The rocm builtins also need edge case related tweaking to pass the new fp16 tests in the CTS (not merged yet, branch here) but they do seem quicker than the upcast approach (more testing to make sure this isn't just confirmation bias is something I'm still working on). The downside of them is that they are someone else's code. To my untrained eye the licensing situation seems fine: rocm is currently licensed under the same university of Illinois license that LLVM used to be licensed under, and libclc already has a bunch of AMD copyright lines in it so including them in the new builtins shouldn't be an issue... but yeah more due diligence and coordination will be needed to make sure a porting effort is 100% fine and legal.
I'm currently leaning towards the rocm approach, trading more work for better performance (that may change if my assumptions about how much faster it is are proven wrong); so I'm soliciting objections to moving forward with that, with the reassurance that there is another way to go about it if there are any major objections. I'd also be interested in any other possible solutions I could look into, like other places permissively licensed implementations might be found.
Note that for float/half conversions, we are sometimes using spirv.pack.v2f16 and spirv.unpack.v2f16:
https://github.com/google/clspv/blob/main/lib/Constants.cpp#L62
This is moslty for the vload_halfn at the moment I think.

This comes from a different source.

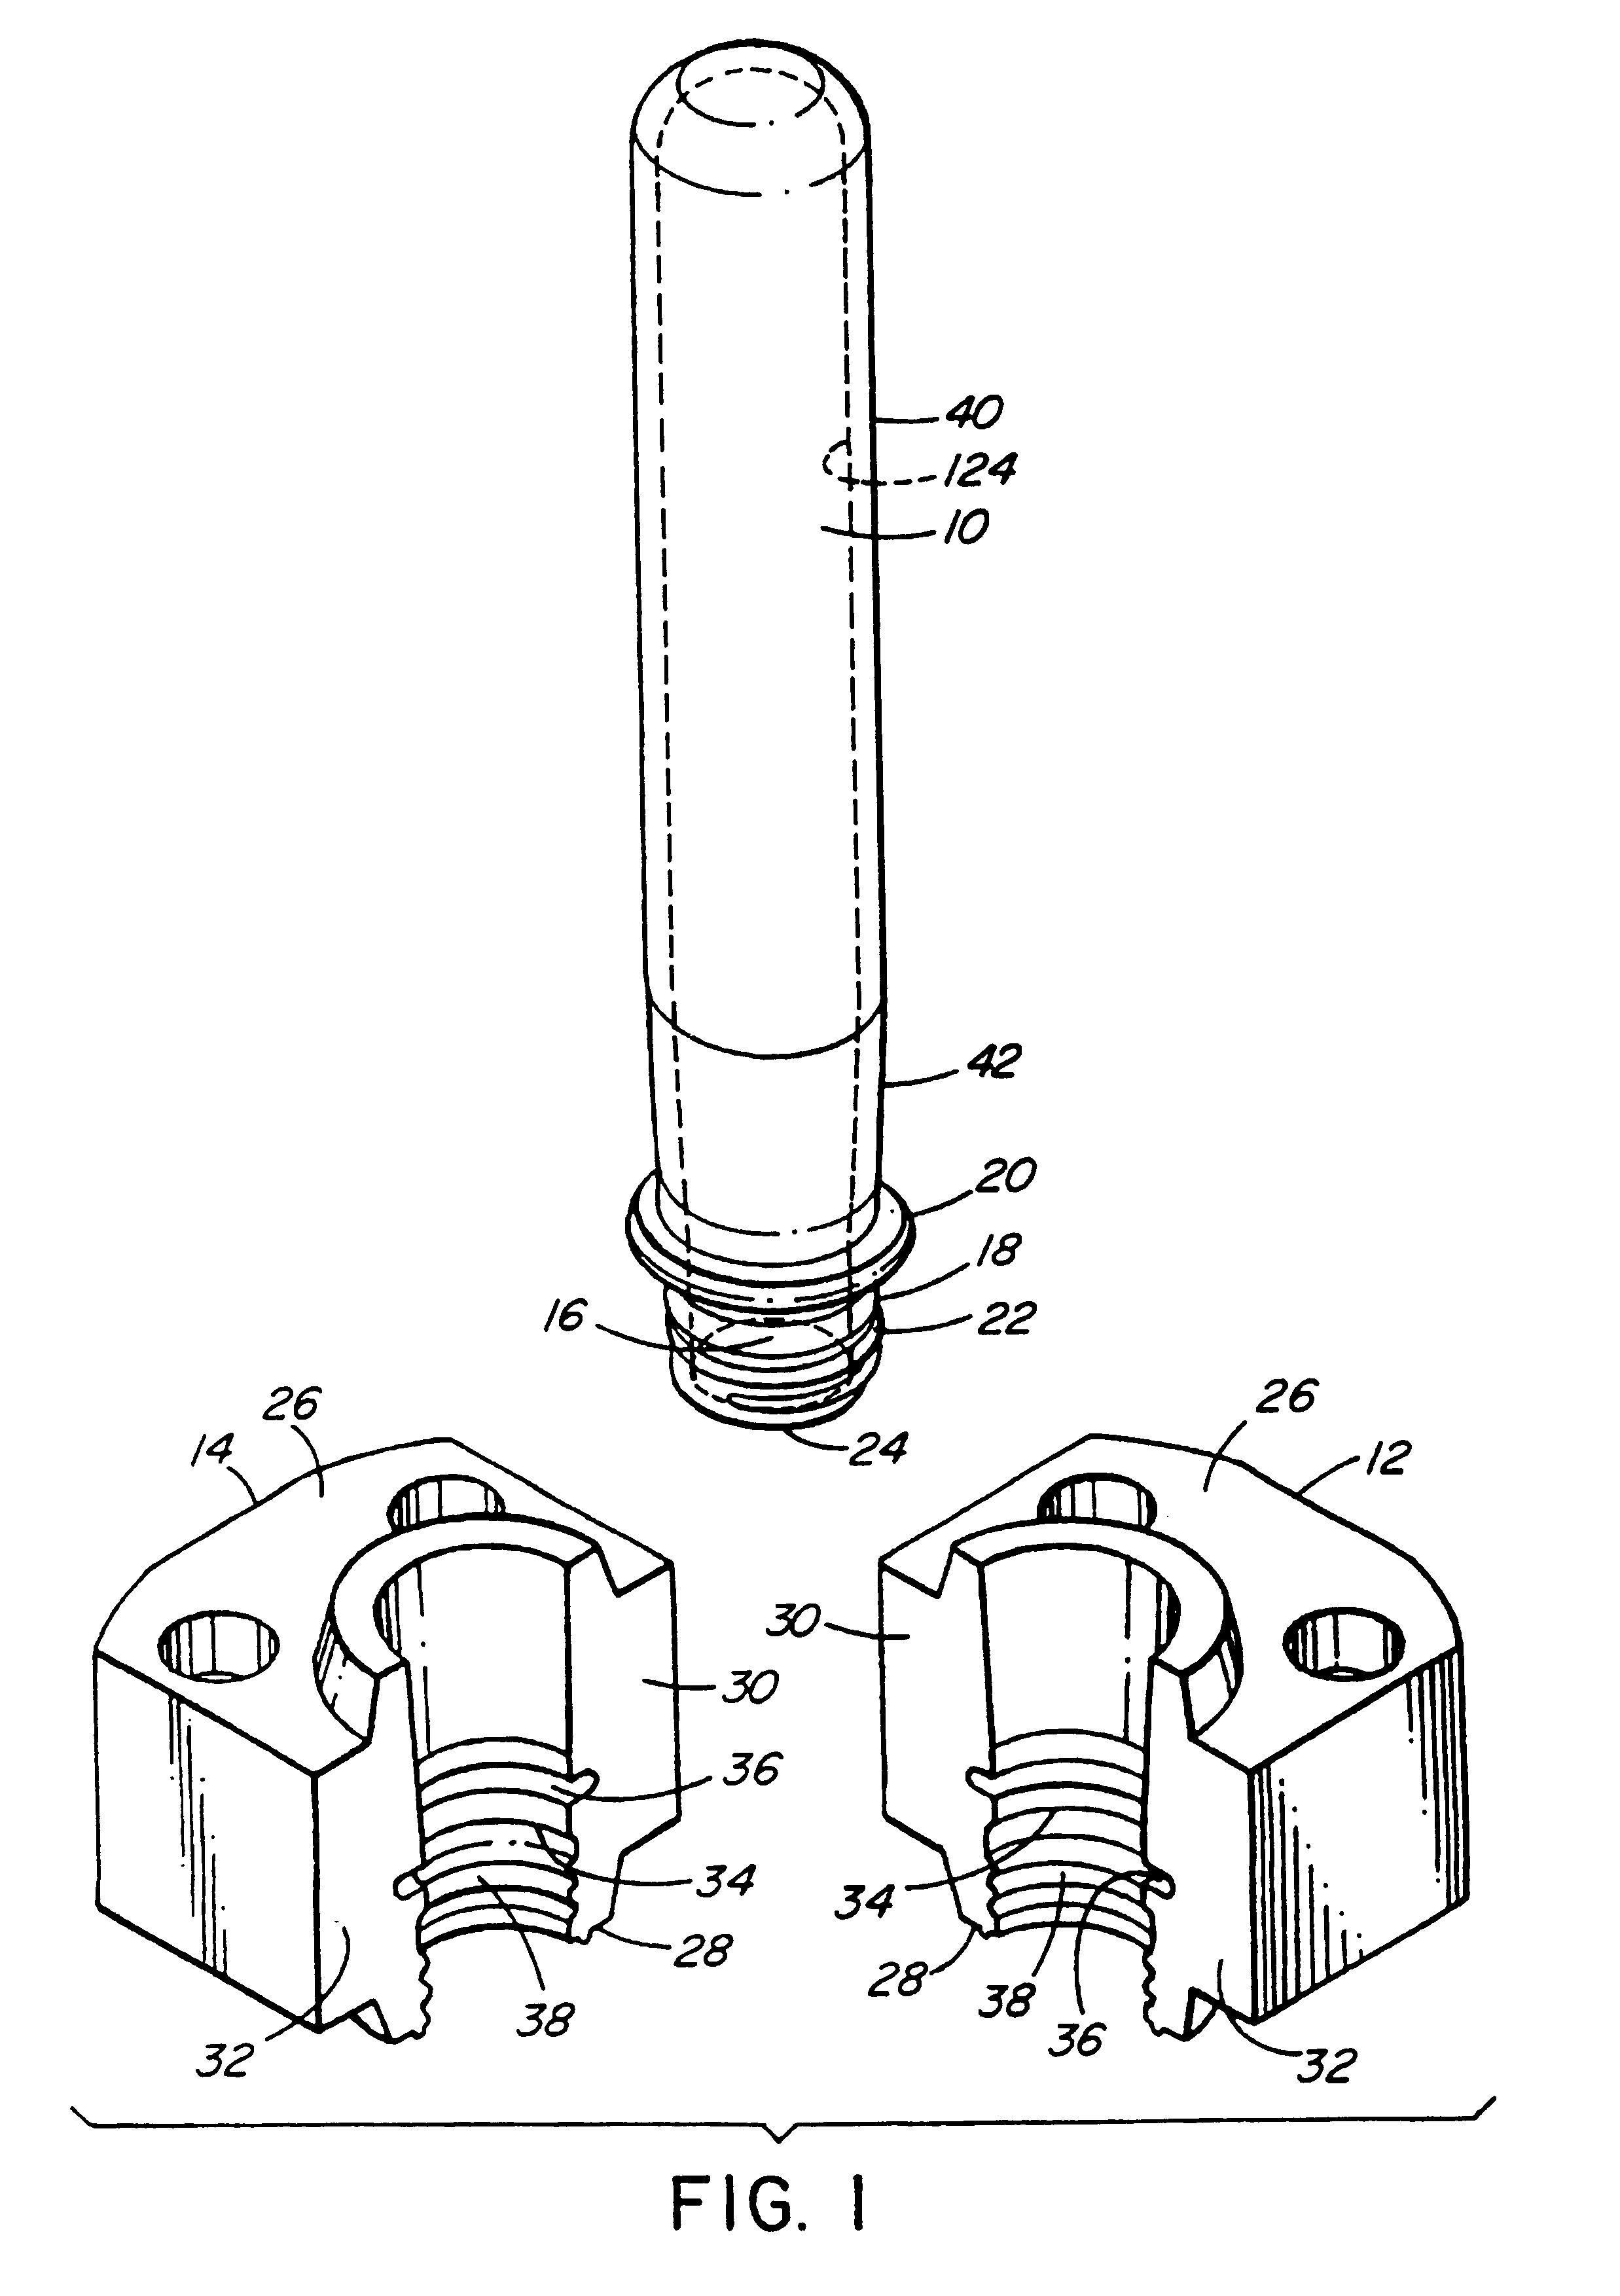 Method of making injection molding cooled thread split inserts
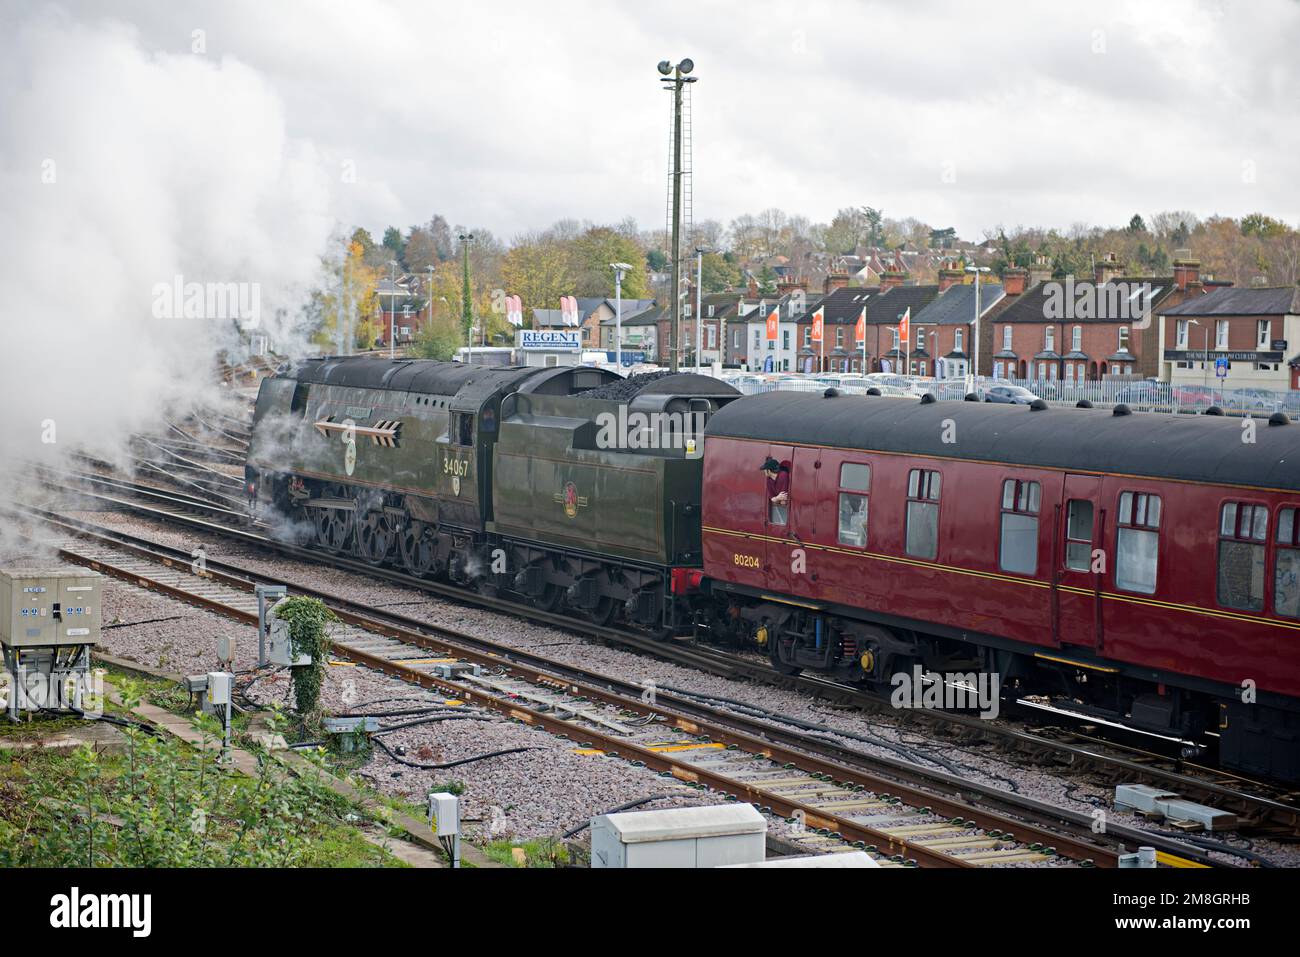 Preserved steam locomotive, Battle of Britain class no 34067 'Tangmere' leaves Tonbridge Station in Kent, UK with special charter train from London Stock Photo

Is the story of accuracy roughly the same at fp16 as fp32 for Vulkan devices? Vulkan calls out some differences, but I haven't looked too hard at OpenCL's requirements. Do devices exhibit the same profiles of which functions require a polyfill?
Yeah it's similar in that many are defined differently (usually vulkan defines the accuracy in terms of other functions, and occasionally it uses absolute error within certain ranges), and of course some functions are just missing from Vulkan entirely. I've got a couple of devices I can test on now: my desktop's intel CPU and a galaxy s22, the subset of functions I've added implementations for locally are just the ones that fail the new tests on either of them (more often than not both).
opened a revision to add fp16 implementations https://reviews.llvm.org/D135268
incidentally, does anyone know who to contact about getting reviewed libclc revisions committed?
Ha turns out the issue I was thinking was fixed previously and I reviewed it. https://reviews.llvm.org/D81999 for reference.